第九十四章 獅子大開口
第九十四章 獅子大開口
「你們!」楚王似乎沒想到秦溟煜竟然連東西是什麼都沒問,一口就回絕了,一時之間不免有些惱羞成怒。
「咳咳……」楚王劇烈的咳嗽起來,一旁的宮女輕輕地拍著楚王的後背,而後拿出了一顆葯喂到楚王嘴邊,讓楚王就著水吞了下去。
不知這葯生效了,還是楚王的情緒慢慢平靜了,不多時,楚王深吸了幾口氣,看起來平靜了不少。
雲君月對著楚王微笑道:「楚王別動怒啊,以你一國之君都做不到的事情,難道要我一個弱女子和我未婚夫這種不受寵的皇子來做嗎?」
弱女子?楚王如果不知道雲君月的實力也就罷了,偏偏雲君月對自己的實力並不掩飾,七夜齋也好,身懷絕技也罷,都在世人面前展示過。
這樣的女人算是弱女子,那還有強者嗎?
「三王妃,暗影隊是寡人出得起的最大砝碼,除了這個,三王妃莫非要跟寡人談金銀珠寶?」楚王看著雲君月問道。
楚良歡雖然老邁病弱,卻有一雙鷹一樣的眼。
楚不凡他們只怕不明白,他們三個人斗得急眼,局勢卻始終掌控在他們這個看起來隨時會被逼宮的父王手裡。

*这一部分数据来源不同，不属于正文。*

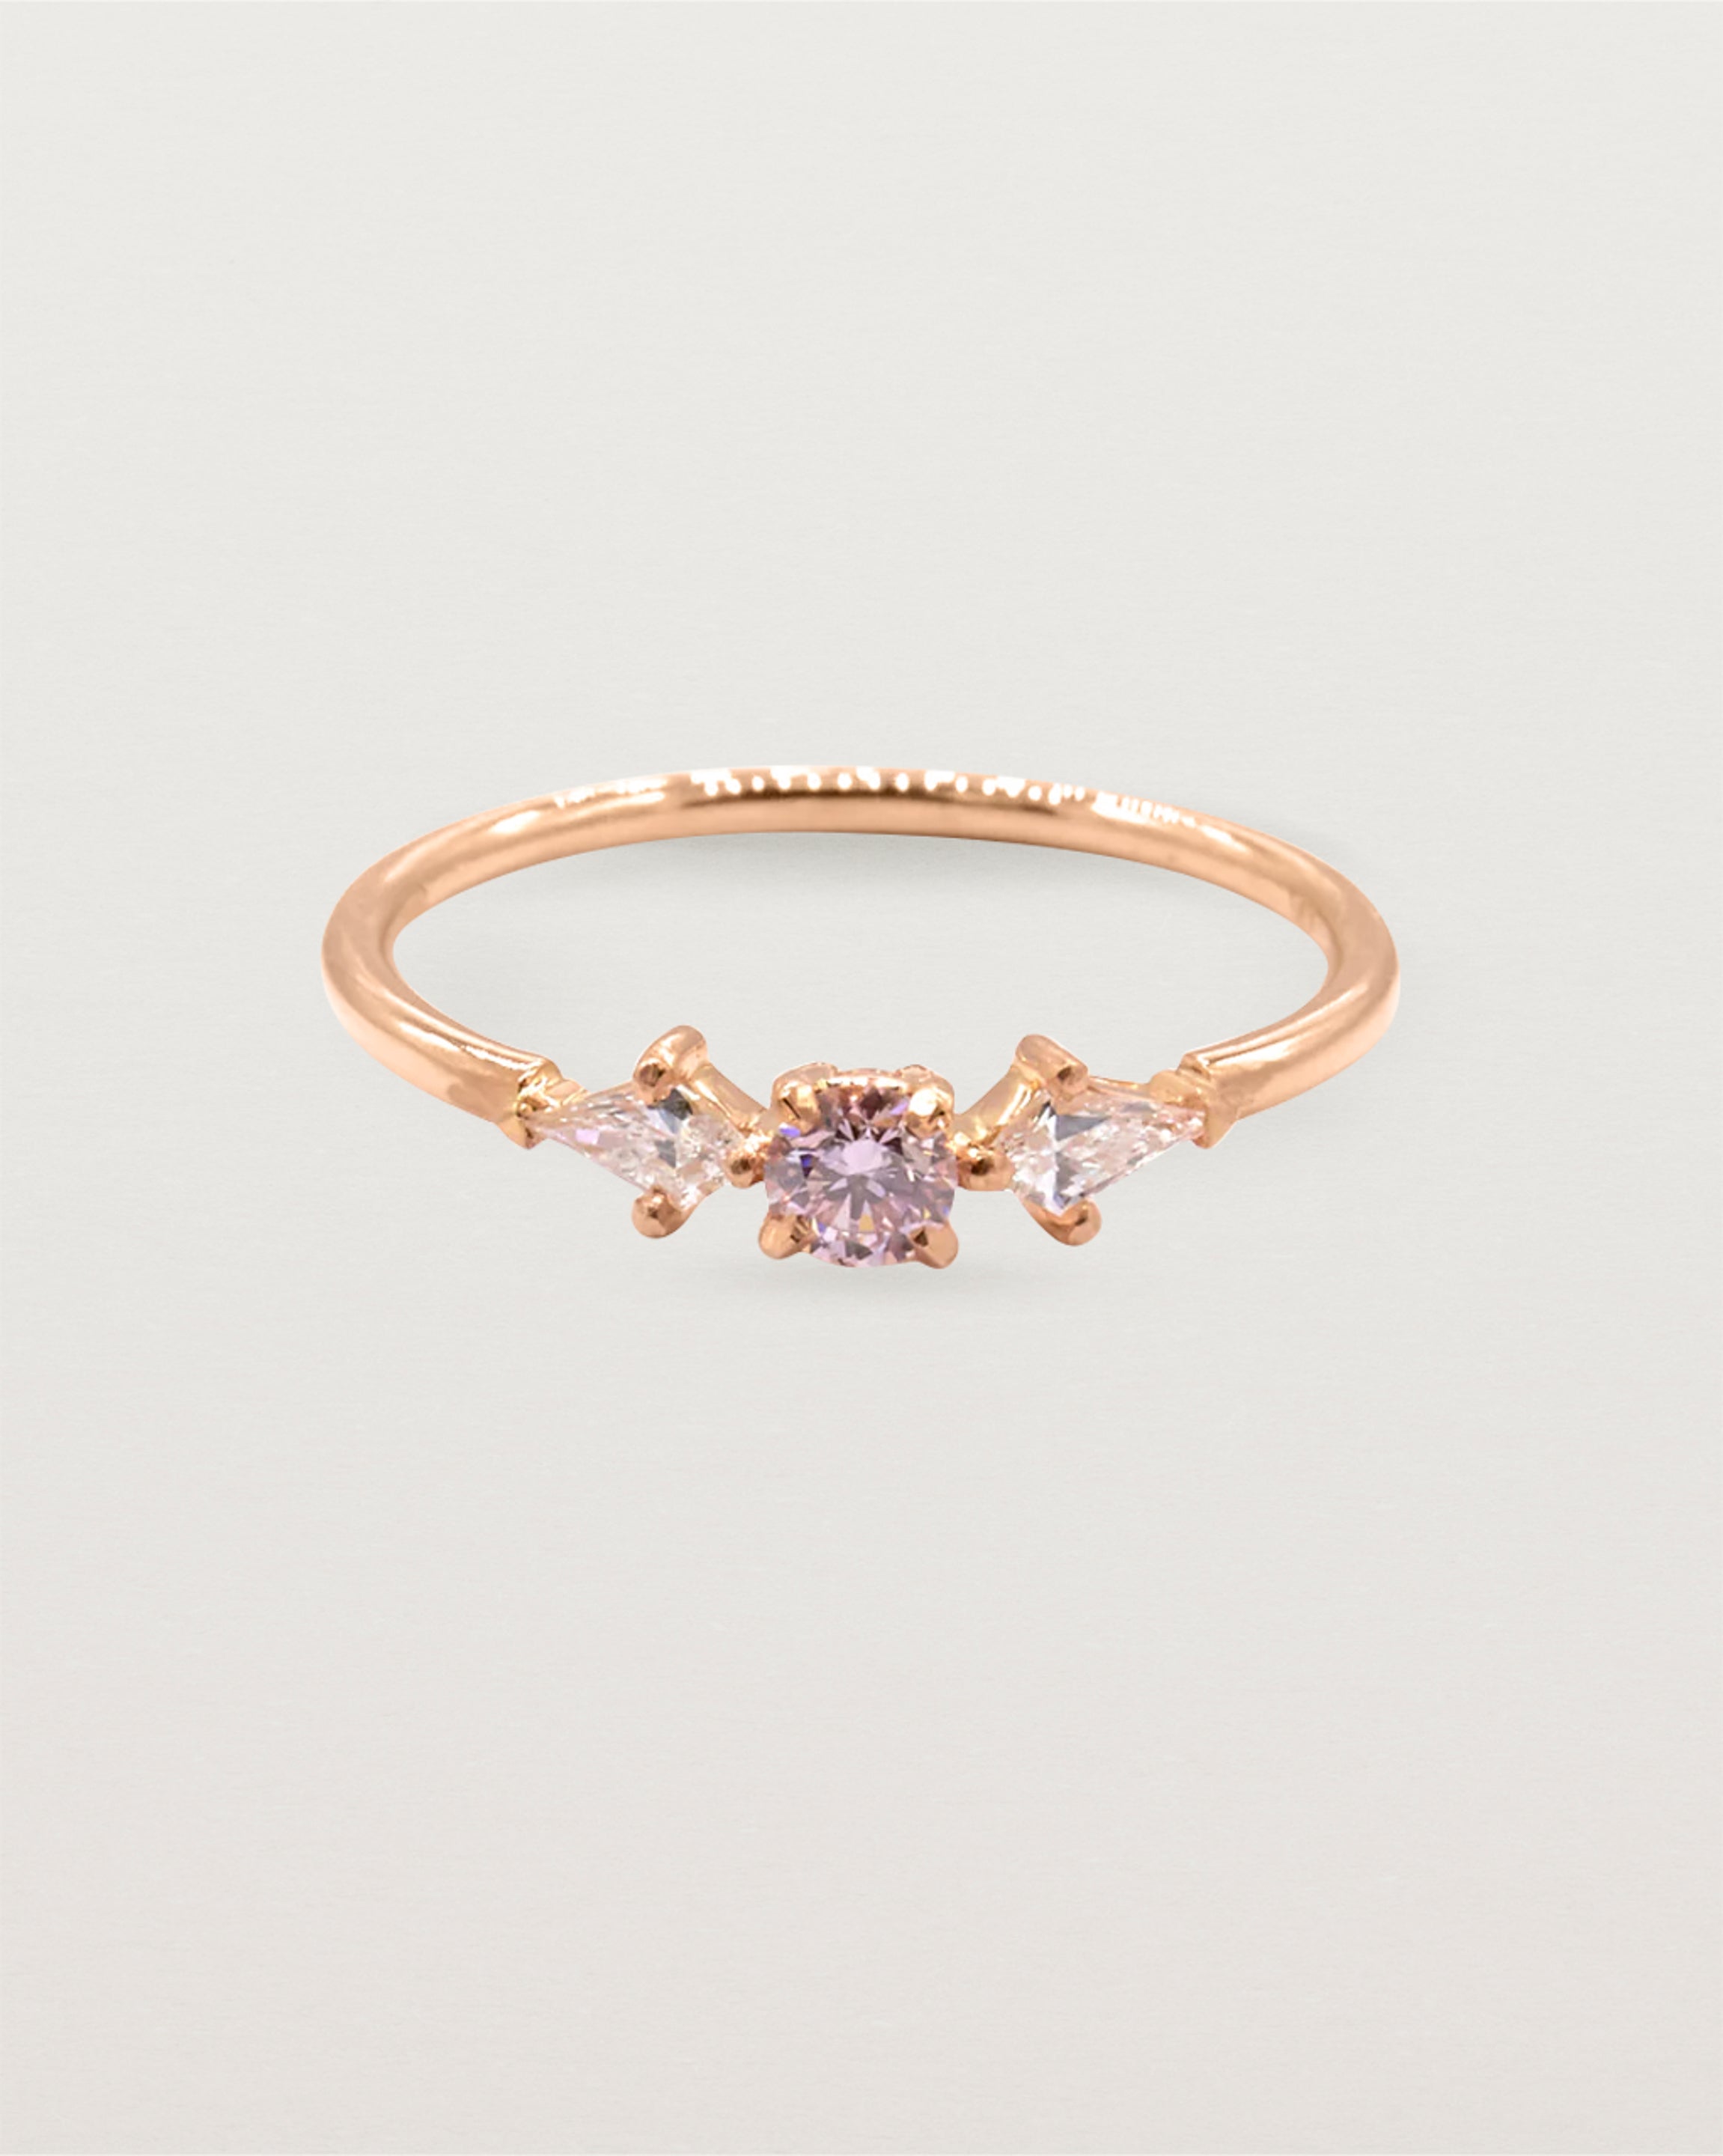 A blush-toned, certified Argyle pink diamond sits between two bright white kite shaped diamonds on a fine round band.
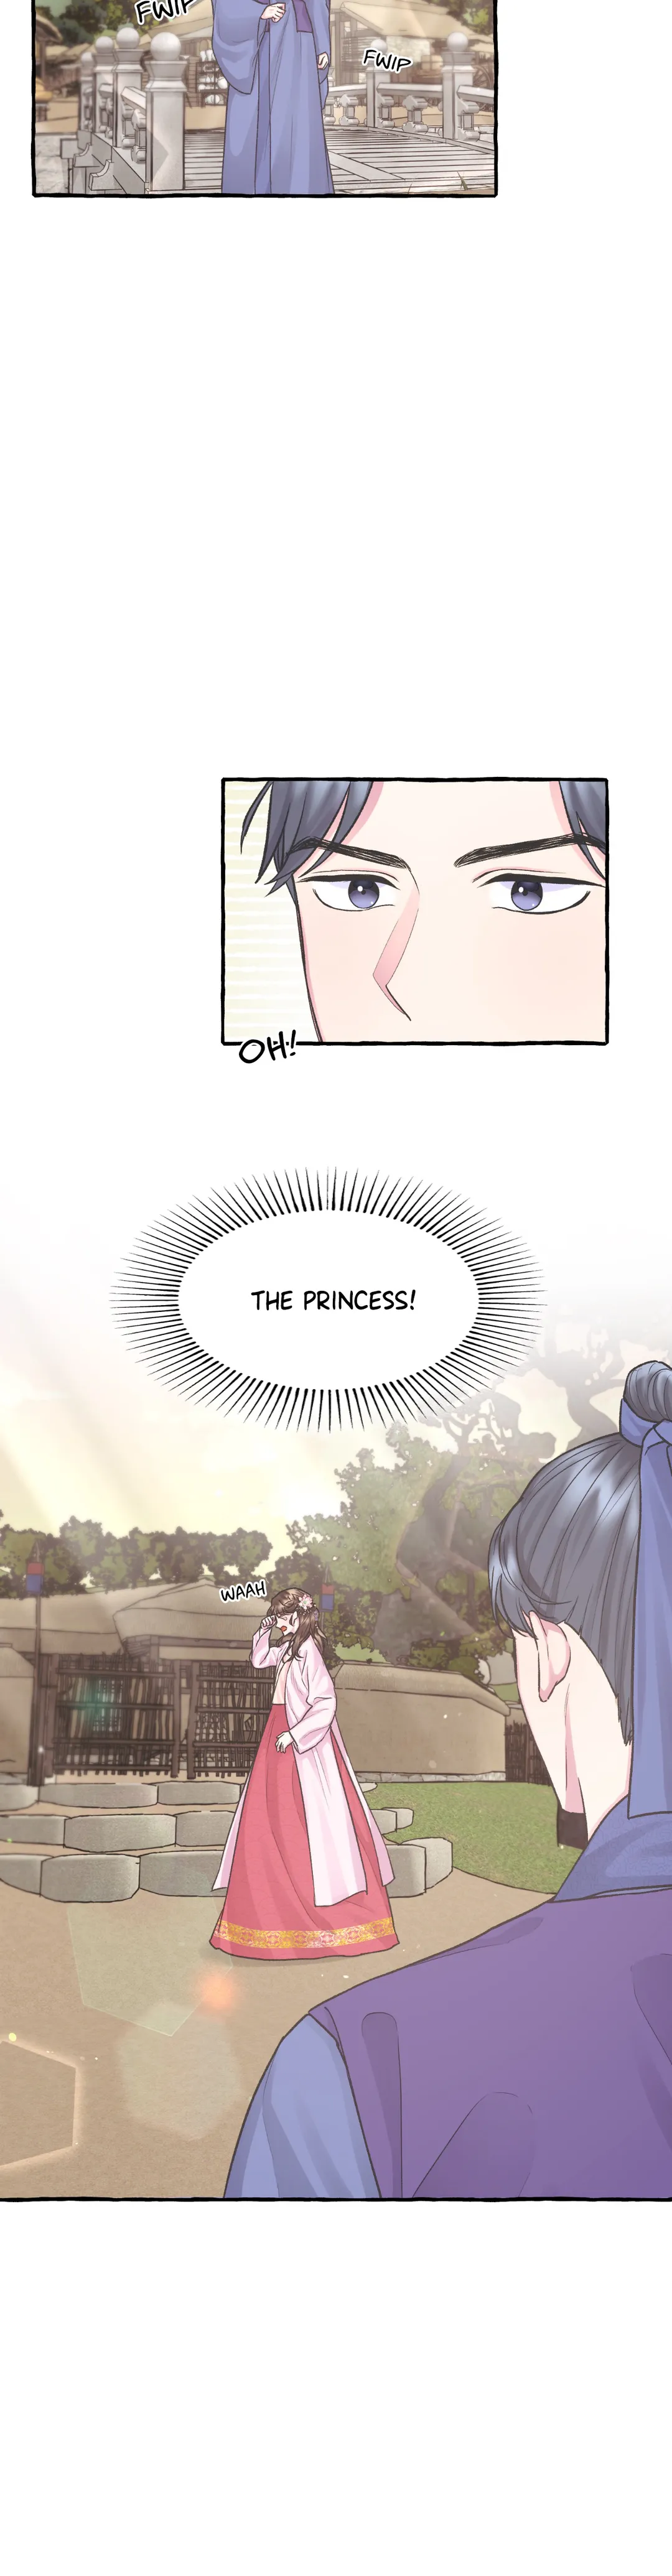 Cheer Up, Your Highness! chapter 3

這才是為什麼這些年,楚國三個皇子此消彼長,卻始終維持著三足鼎立形勢的真正原因。
過了年才十三歲的雲君月,被這樣的眼光直視著卻沒有半點懼意,面色自若的微笑著:「為何不能談金銀?」
楚王似是沒想到雲君月的回答,看著雲君月許久,這才慢慢開口:「三王妃想要什麼價錢?」
「我不要暗影隊,也不要楚王其他的價碼,一口價,五百萬兩。」雲君月微笑著說。
五百萬兩,接近楚國三年的稅收了。
「三王妃的胃口倒是不小。」楚王說道。
「不敢不敢。」雲君月從楚桑原那裡學了一臉微笑,此刻全數給了楚良歡,「楚王也知道,我父親為官之時便是兩袖清風,如今辭官賦閑在家,我這準備嫁給王爺的嫁妝可還沒著落。」
楚王哼了一聲,開口道:「三百萬兩。」
「七百萬。」雲君月和秦溟煜卻是同時開口。
這兩個人的默契是越來越足,氣死人不償命的工夫也相互修鍊到家了。
「你們別太過分!」御玄龍聽不下去了,怒斥道。
雲君月搖搖頭:「一半的暗影隊,難道你覺得這價錢過分了嗎?」
此話堵得御玄龍啞口無言。最開始楚王提出以暗影隊交換時,他便不知該如何說,如今暗影隊有機會保全,他求之不得。
至於價碼……
御玄龍飛快的看了一眼楚王,心知自家的皇上最終都會答應的。
「御玄龍,你退下吧。」楚王無奈的擺擺手,看著雲君月道:「三王妃,五百萬兩的嫁妝,足夠你十里長街風光出嫁了。」
「這麼說,楚王是答應了?」雲君月反問。
楚王道:「不答應又能如何?寡人此刻手中已然沒有可以交易的籌碼了。」
「好。」雲君月問,「不知楚王想讓我們幫你取出什麼東西?」
楚王從懷中拿出一張泛黃陳舊的圖紙:「這個。」
宮女輕輕地將楚王手中的圖紙接過,遞交給雲君月。
「這是……?」雲君月打開圖紙的瞬間,眼裡產生了強烈的疑問,楚王這是在逗她嗎?
這張泛黃圖紙上繪製的,分明是楚桑原交給秦溟煜的那塊龍璽殘玉!
「三王妃不必理會這是什麼,你只需要幫寡人從迷靄谷找出來便是。」楚良歡捂著自己的胸口,虛弱的說道。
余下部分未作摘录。